Mutational Signature Enrichment (MSE) Calculator

This is the code for the Mutation Signature Enrichment calculating tool used in these publications:

It is UCSD CCAL's implementation of the PMAC-D metric from Roberts, et. al An APOBEC Cytidine Deaminase Mutagenesis Pattern is Widespread in Human Cancers, called AMSE (APOBEC Mutational Signature Enrichment) in the APOBEC paper above, used to measure the degree of APOBEC mutagenesis from a list of mutations called in a sample. PMAC-D counted the following nucleotide changes and their reverse complements, weighted equally:

  • TCA ==> TGA
  • TCA ==> TTA
  • TCT ==> TGT
  • TCT ==> TTT

In addition to the PMAC-D signature definition included by default, it has also been generalized to calculate the MSE statistic based on probabilities for each of the 96 trinucleotide switches as defined by Alexandrov, et. al and available on the COSMIC Mutational Signatures page. These mutation signature probabilities are defined in the tab-delimited file /data/signatures_probabilities.txt.

Usage

The code accepts called mutations in MAF files, with the same column order as found on TCGA, or VCF files as inputs.

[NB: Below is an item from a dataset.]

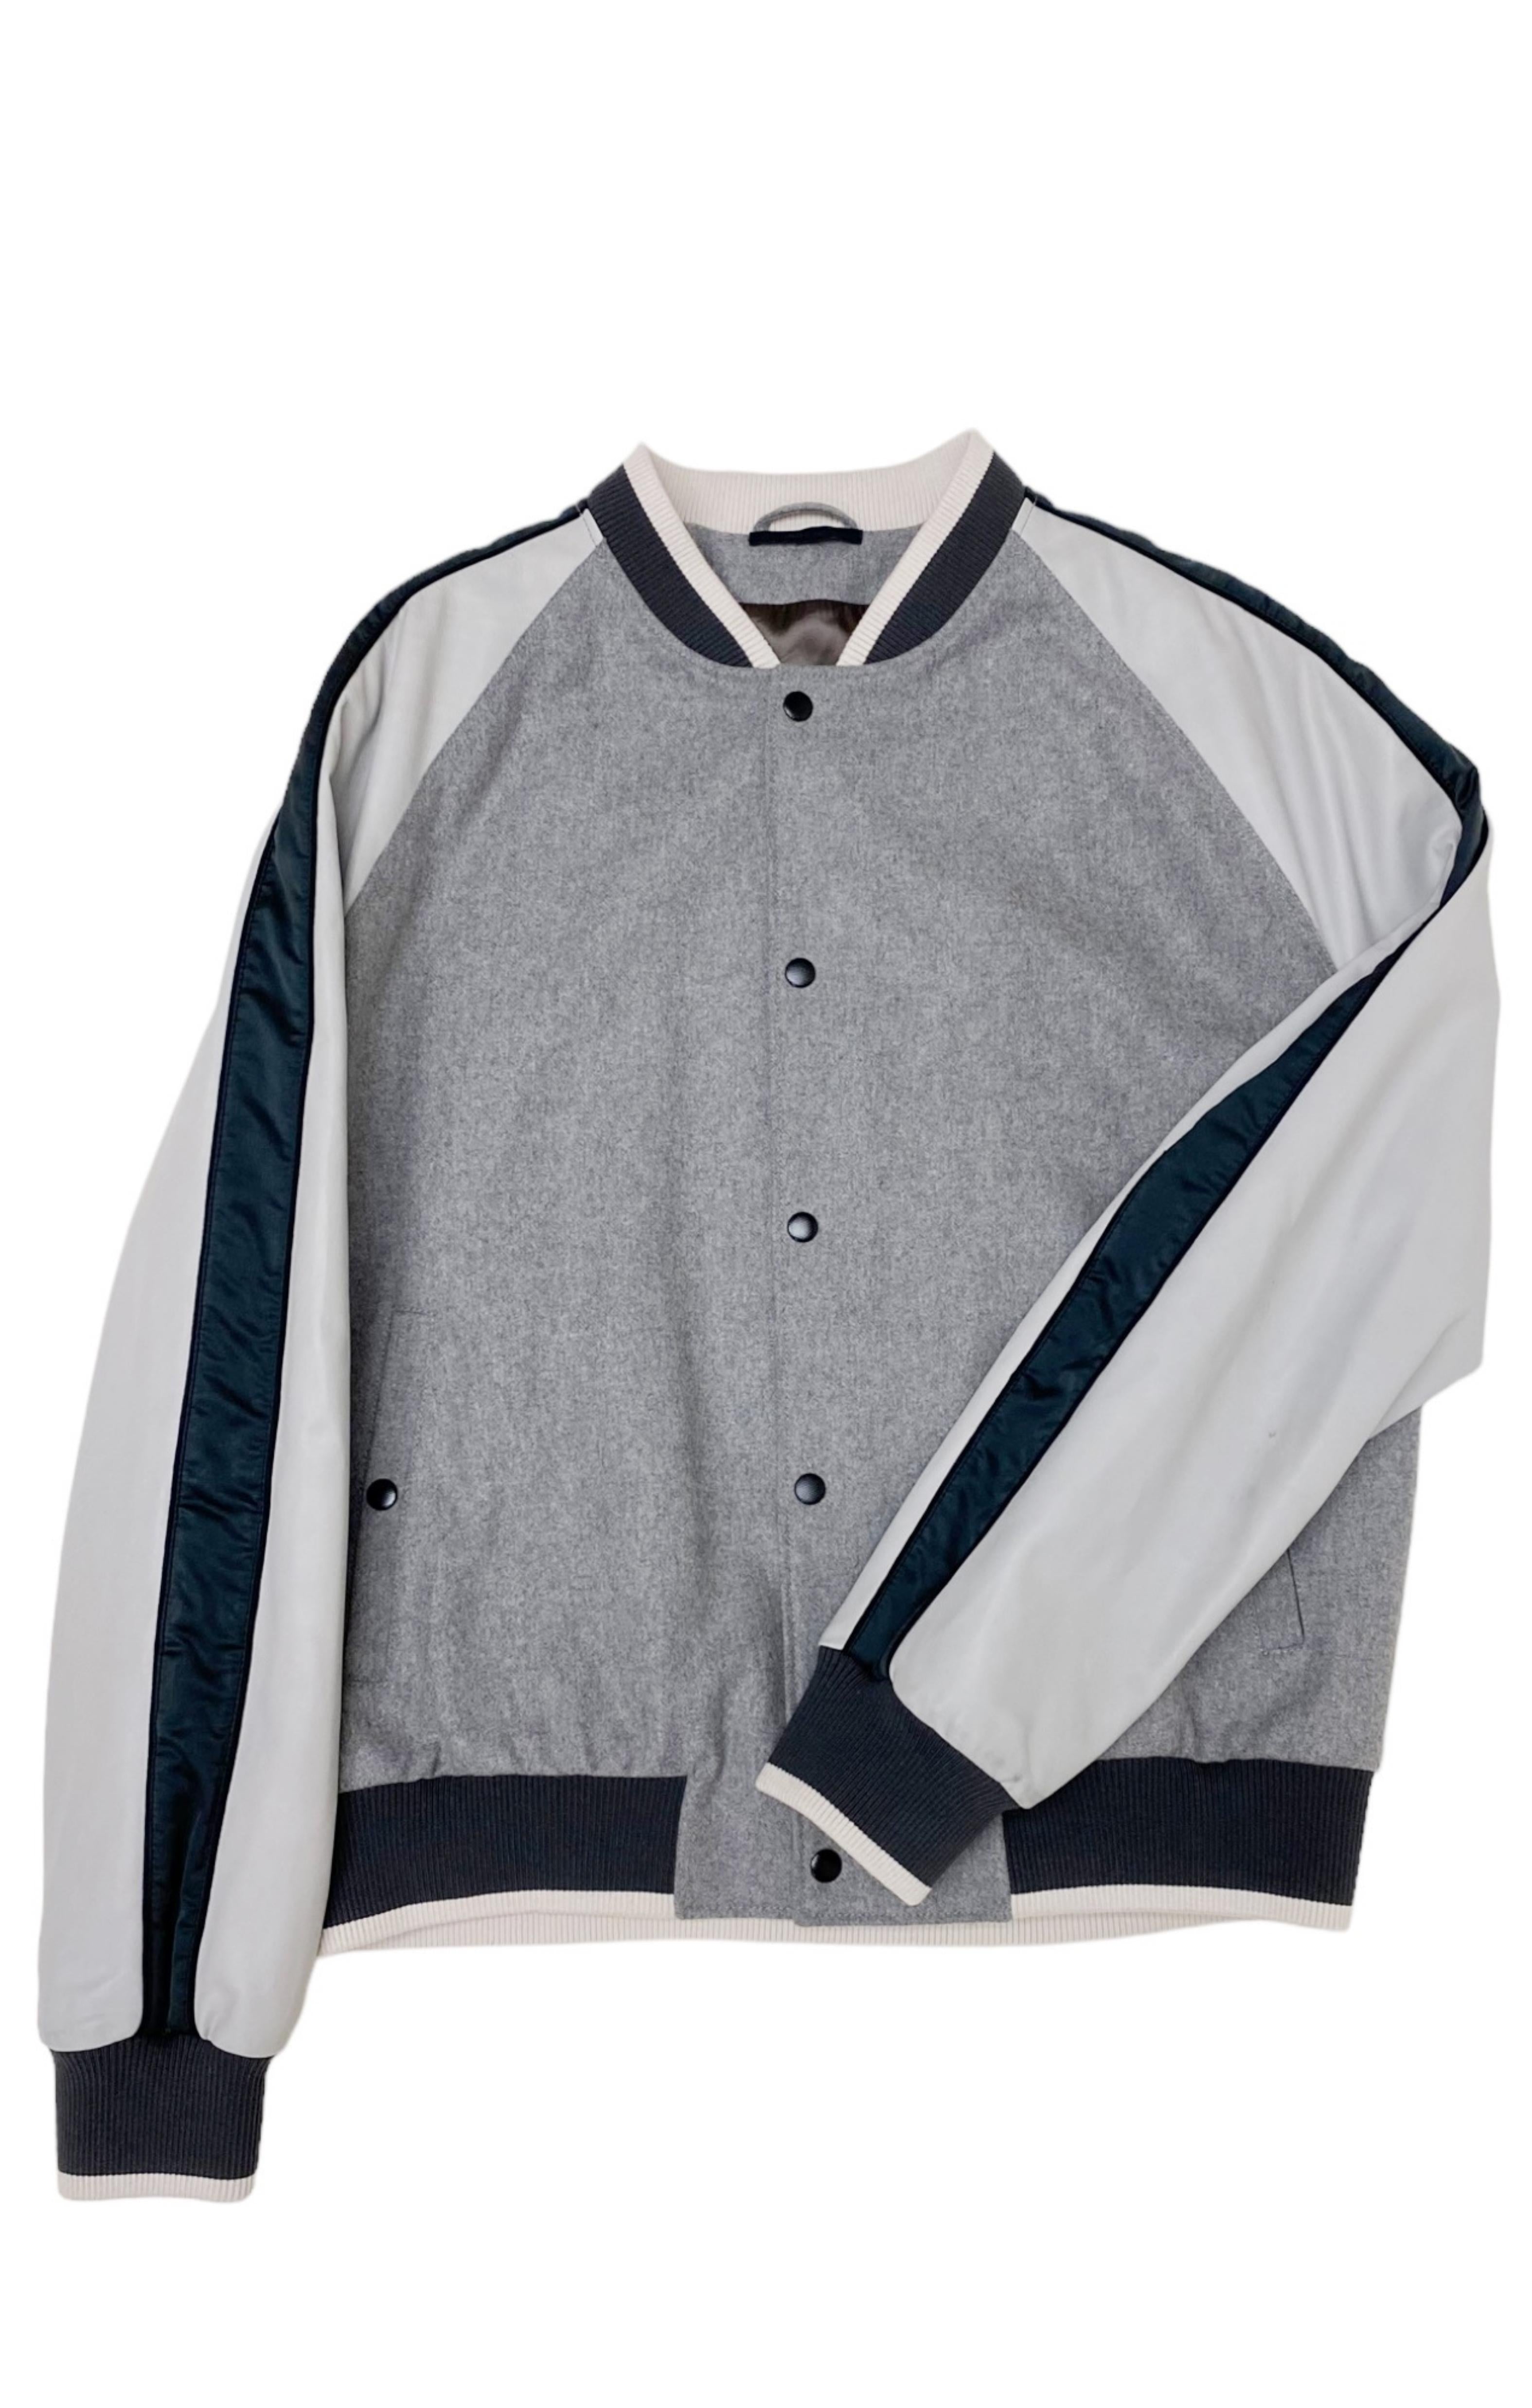 LANVIN (RARE) Jacket Size: No size tags, fits like XL

from compute_mutational_signature_enrichment import compute_mutational_signature_enrichment

mutation_file_paths = ["./TCGA_test/TCGA-44-7661.maf","./TCGA_test/TCGA-CQ-7068.maf","./TCGA_test/TCGA-DD-A73G","./TCGA_test/TCGA-FF-A7CX.maf"]

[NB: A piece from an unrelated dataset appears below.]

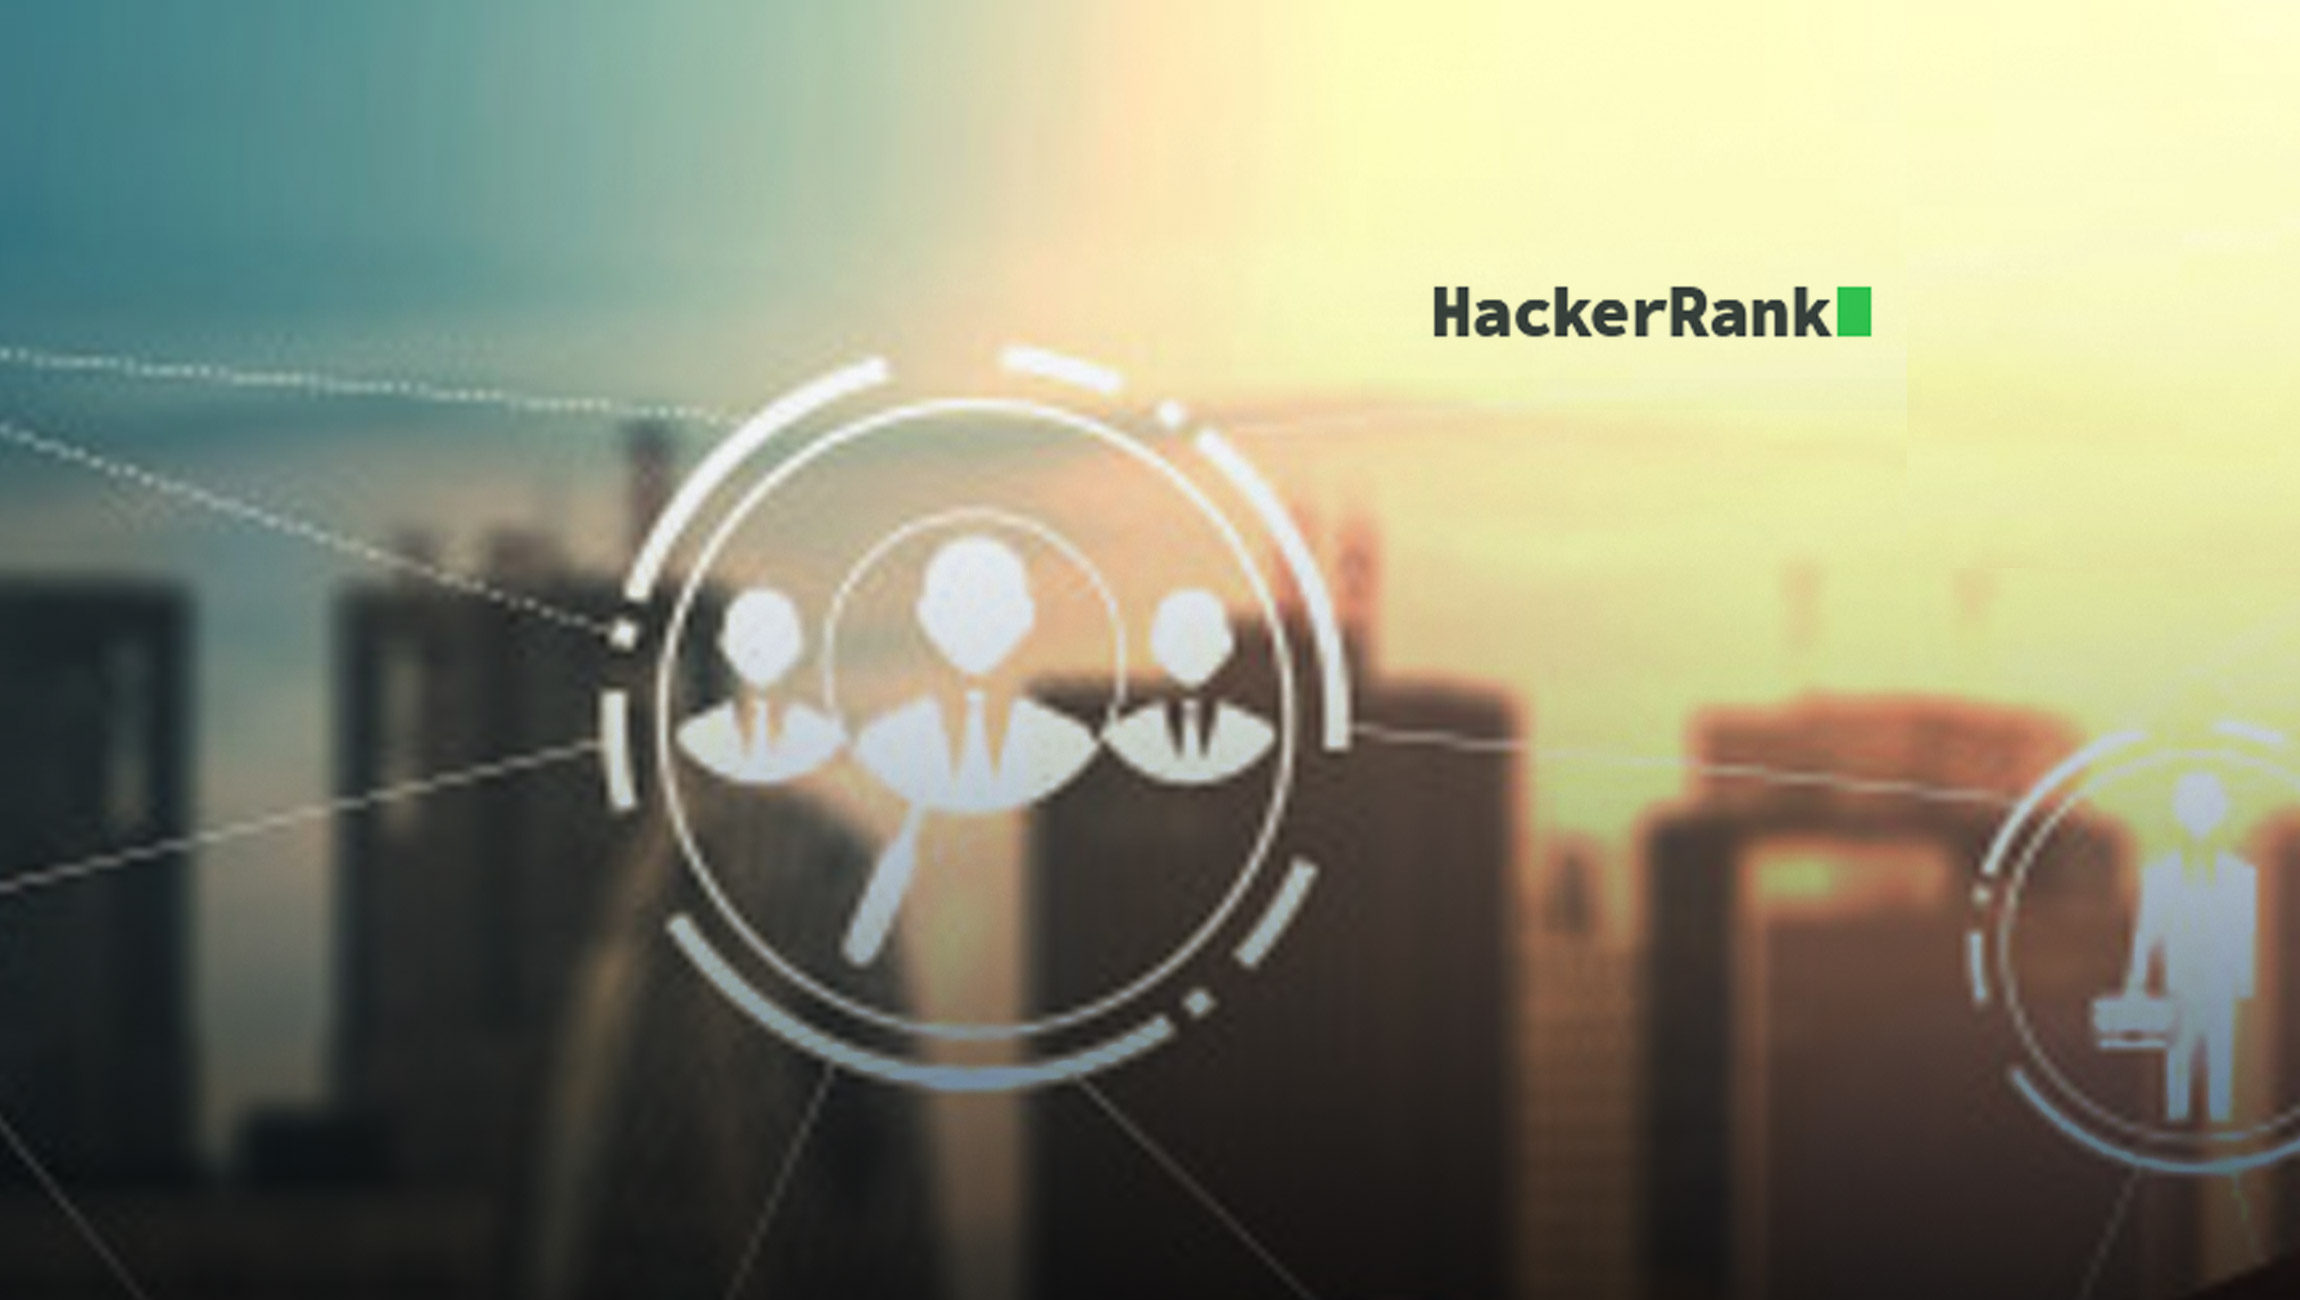 Hackerrank Adds Hbcu Day To Fall Virtual Career Fair - roblox internship code assessment

compute_mutational_signature_enrichment(
    mutation_file_paths, #list of called mutation file paths in MAF or VCF format, 1 file per sample
    reference_file_path, #reference genome FASTA, must be the same as the one used to call the mutations in the mutation_file_paths
	cosmic_mutation_signature_number=0 #Default 0 uses the defined PMAC-D weights, any number from 1-30, inclusive corresponding to the Alexandrov signatures can be used. 
	)

The output is a pandas dataframe where the columns are sample file names and the rows are information related to the calculation for a particular sample. The signature MSE score is in the row "Mutational Signature Enrichment".

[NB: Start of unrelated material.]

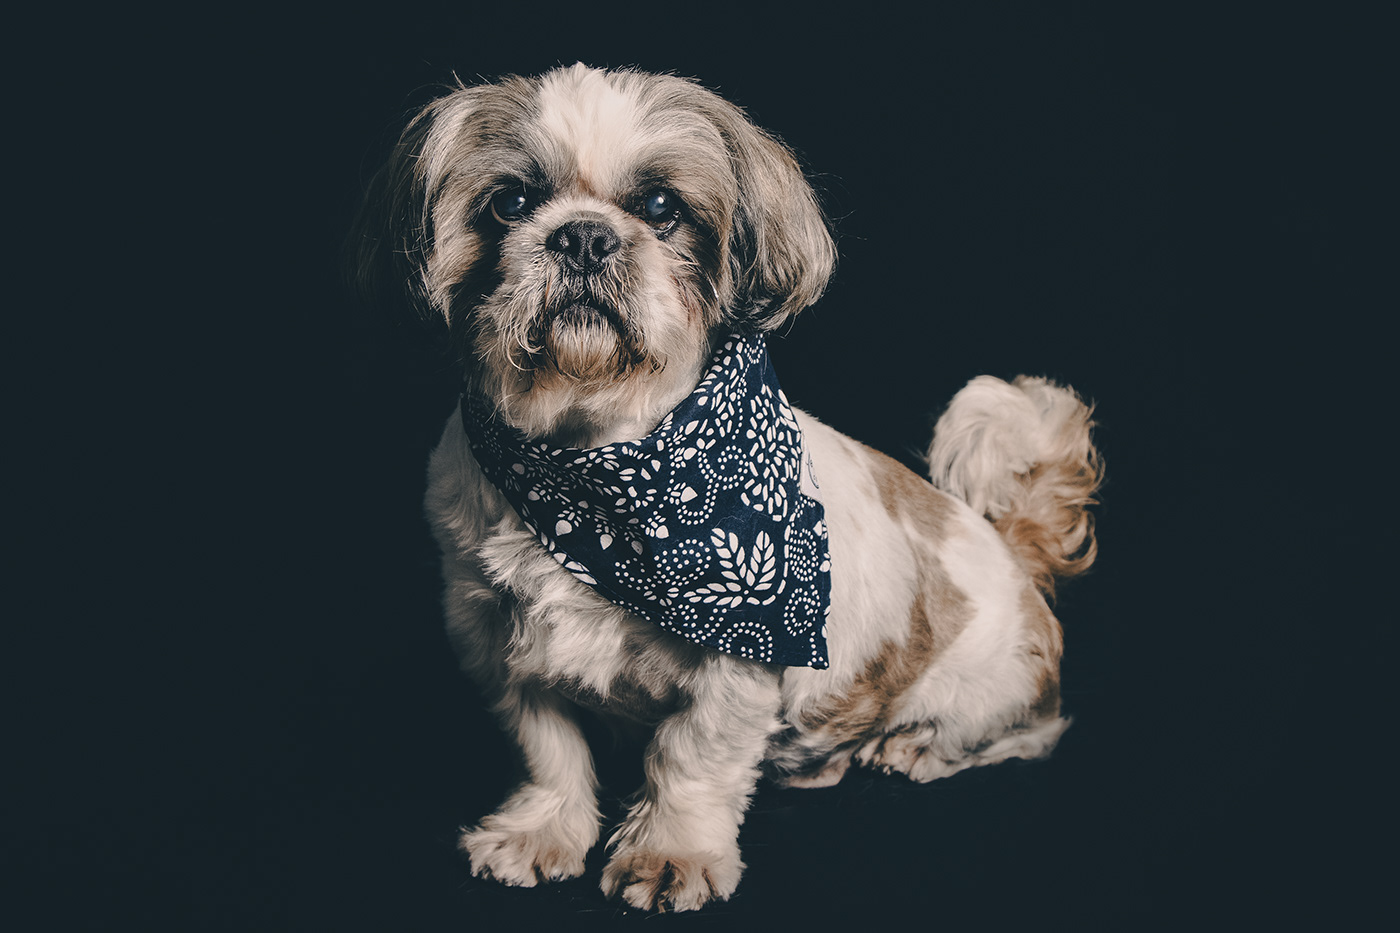 Shih Tzu animal portrait animal photography dog

This code should work on any computer that can run Python 3.

Dependencies:

  • pandas
  • pyfaidx (don't forget to index reference FASTA file)
  • pprint

Example output of 5 TCGA tumors using APOBEC Signatures PMAC-D/AMSE, Signature 2, and Signature 13:

Sample AMSE Signature 2 Signature 13
TCGA-44-7661.maf 2.5153333995826297 1.696616476895444 2.122606877977259
TCGA-CQ-7068.maf 2.5070760447035956 1.7943464758950072 2.628330781579929
TCGA-DD-A73G.maf 0.9325034978530419 0.7367417842643569 1.1181360888995775
TCGA-FF-A7CX.maf 0.6527777777777777 0.7307526870927789 0.5969015874220198

The ENSEMBL GRCh37 full genome DNA reference (ftp://ftp.ensembl.org/pub/grch37/current/fasta/homo_sapiens/dna/Homo_sapiens.GRCh37.dna.primary_assembly.fa.gz), which was used to call the TCGA mutations, was used. Please see the TCGA_test folder for the exact TCGA MAF files used to generate this table. The script TCGA_test.py can be used to generate the above table.

Comparison with PMAC-D on Pan-Cancer TCGA Data:

PMAC-D vs AMSE graph

Info

This repository is intended to be a partial fork of the files from the UCSD CCAL Computational Cancer Analysis Library required to calculate MSE values, generalized to work on any mutational signature defined by contextual nucleotide switch probabilities.